Wait, I'm loving this HUMMER?

I still think that the coolest overlooked option to inject cash and interest back into Detroit's manufacturing base would be to make any auto industry bail-out money contingent on rapid total transition to either a wind turbine company, or a photo-voltaic producer . . . but perhaps there's dollahs in bikes too . . .

As recently reported in the London Evening Standard, European automobile manufacturers are
sensing that trend is favoring livable cities, walking and biking, and ditching dirty transportation options to the obscurity of the century in which they were born . . . and these automakers are BUILDING BIKES!  From TransportMichigan:  more . . .
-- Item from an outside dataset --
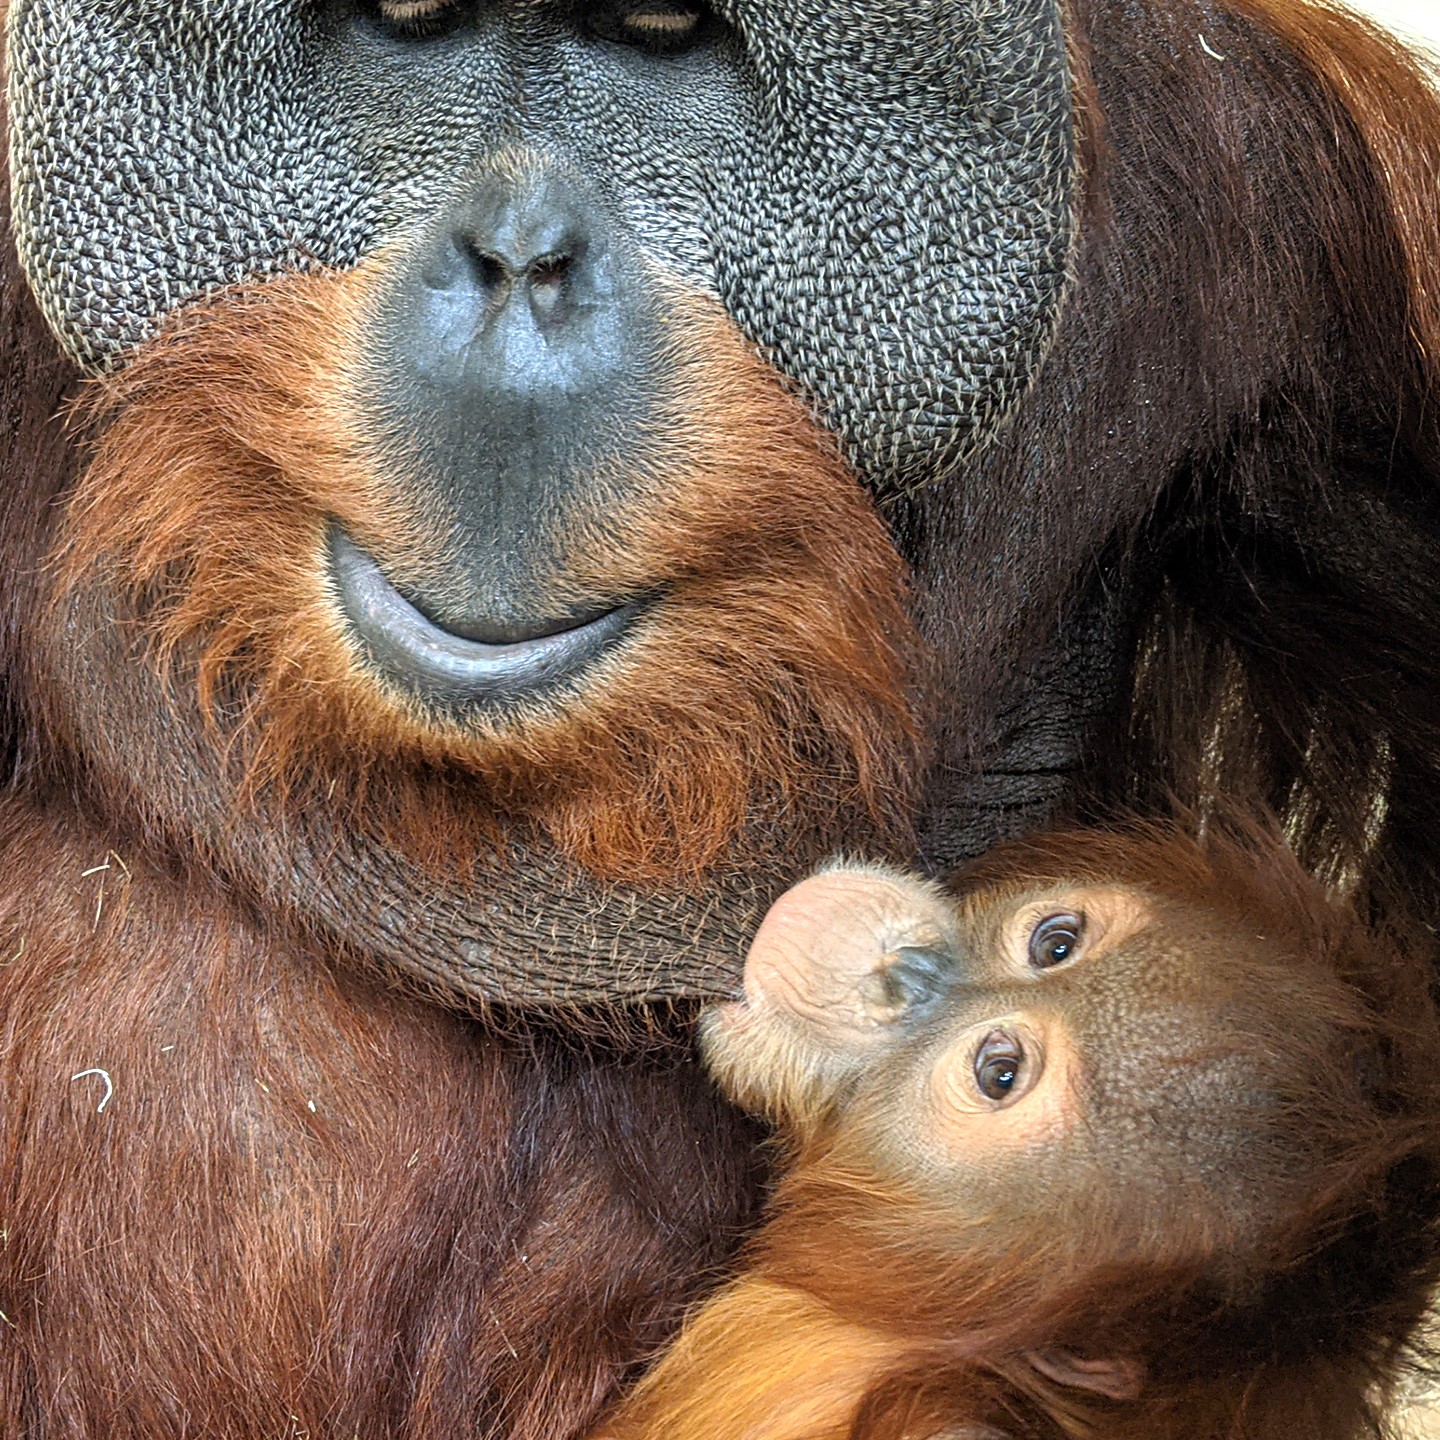 orangután de Sumatra con su cría
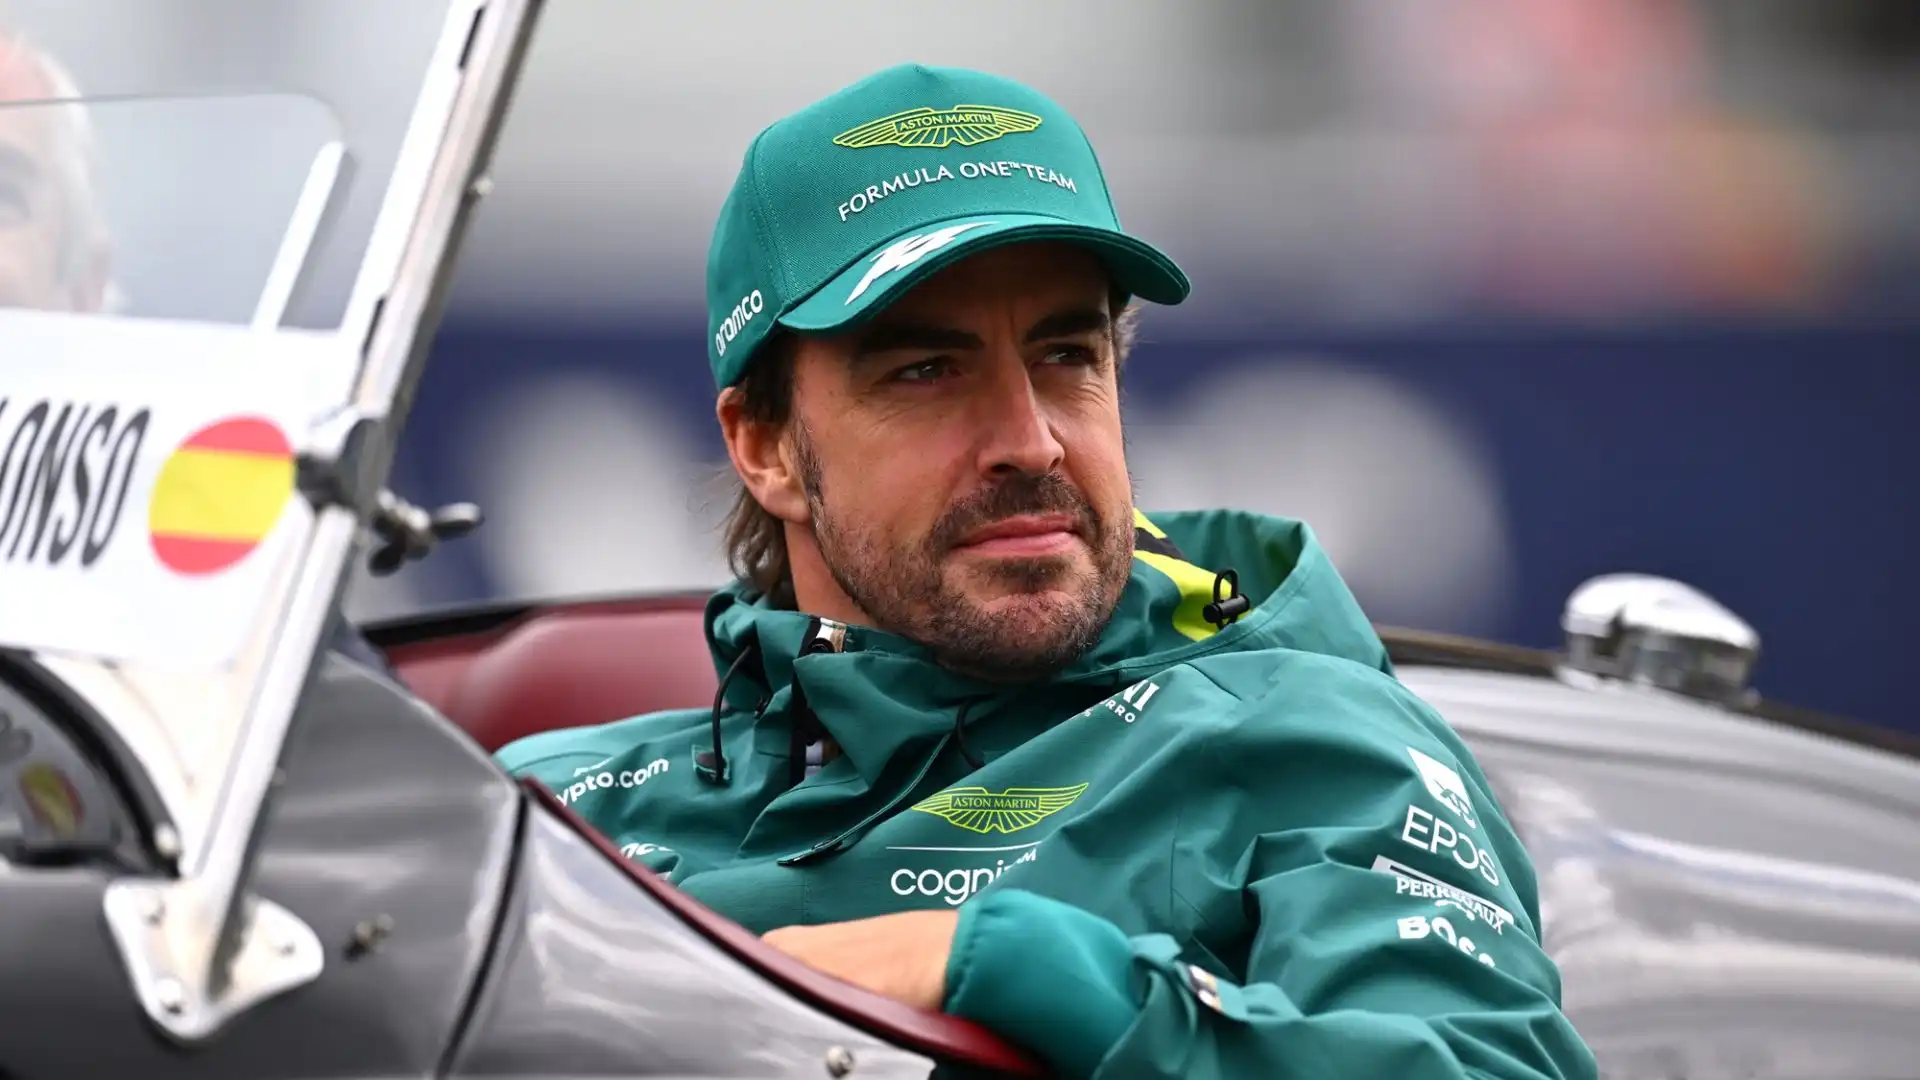 "Alonso andrà in Mercedes", ha pronosticato Piastri in un'intervista a F1 TV a margine dei test in Bahrain

"...as Detroit planning consultant Toni Griffin has suggested, it may be time for Detroit to start thinking in terms of "transportation innovation," not just automobile innovation, especially as the world continues to change. Ford dabbled in mass transit after the energy crises of the '70s, and no clear lines divided the field's pioneers a century ago. Bike mechanic and bike commuter Henry Ford got his first Detroit job at a streetcar works. The Wright Brothers, too, built their aviation career from a bicycle shop, now housed in Ford's Greenfield Village in Dearborn. Even Detroit tire manufacturers got started producing for the bicycle market."
"De-motorization" is already a well-documented phenomenon among Japanese youth, who feel that "having a car is so 20th century."
This is all good news . . . and of course we're talking about European car makers, not American ones yet, but ideas spread quickly, and cities are built on the scale of the dreams of their inhabitants, so it wouldn't take long to transform even the sprawliest burb to a Euro-style Burg!